Забаай бен-Селим любезно улыбнулся принцу и проговорил:
– Ты ведь пожелаешь увидеться с Зенобией до того, как мы с ней уедем.
Это был не вопрос, а утверждение, и принц в растерянности переспросил:
– Уедете?
– Теперь, когда ваше обручение состоялось официально, мой господин, Зенобия должна вернуться домой. В сложившихся обстоятельствах она больше не может оставаться во дворце. Она прибудет сюда в день свадьбы, а до тех пор вы с ней видеться не должны.
– Но я думал, мы с ней проведем это время, чтобы поближе познакомиться друг с другом…
– Увы, обычаи требуют проявлять сдержанность, – решительно заявил Забаай.
– Чьи обычаи? – воскликнул Оденат.
– Старинные обычаи бедави, мой господин, – ответил гость с невозмутимым видом. – После свадьбы у вас с моей дочерью будет очень много времени, чтобы получше узнать друга друга.
– Я прикажу жрецам из храма Юпитера пожертвовать ягненка сегодня же вечером, чтобы определиться с датой, – сказал принц. – Но сначала схожу к Зенобии и попрощаюсь с ней.
– Я подожду твоего возвращения, мой господин. – Откинувшись на спинку кресла, Забаай протянул свой кубок рабу, чтобы тот его наполнил, и с усмешкой посмотрел вслед молодому кузену, поспешно выходившему из комнаты.
«До чего же ему не терпится!» – мысленно воскликнул вождь бедави.
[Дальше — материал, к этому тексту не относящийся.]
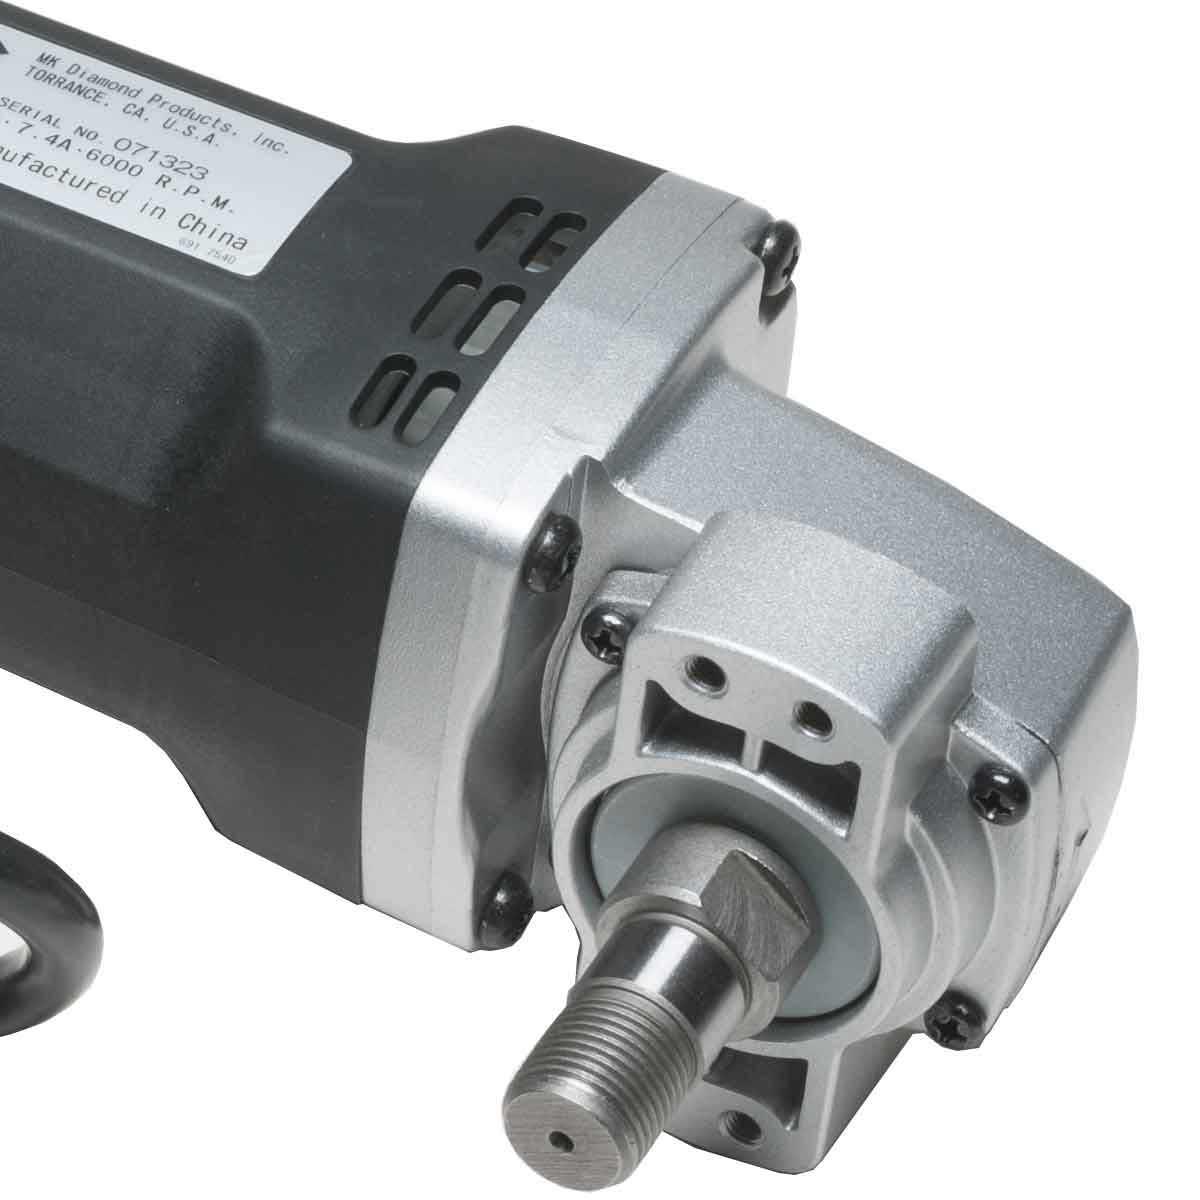 156428- Mk 370 Replacement Ryobi Motor. Contractors Direct

Что ж, краткая разлука только раззадорит его. И пусть Аль-Зена придирается и жалуется, он, Забаай, мог поспорить: мысли о Зенобии прекрасно подстегнут Одената и заставят с нетерпением ждать свадьбы.
Принц не сразу пошел в покои, где разместилась Зенобия. Сначала заглянул в сокровищницу – в хранилище для драгоценностей – и выбрал кольцо, которое собирался подарить в честь помолвки своей будущей жене. Долго выбирать не пришлось – он заприметил это кольцо несколько месяцев назад, когда казначей обнаружил его в полусгнившей кожаной сумке на самой задней полке. Казначей пришел в страшное возбуждение и заявил, что это то самое кольцо, которое царица Савская послала царю Соломону в знак своей любви, и что оно внесено в самые древние списки знаменитых сокровищ.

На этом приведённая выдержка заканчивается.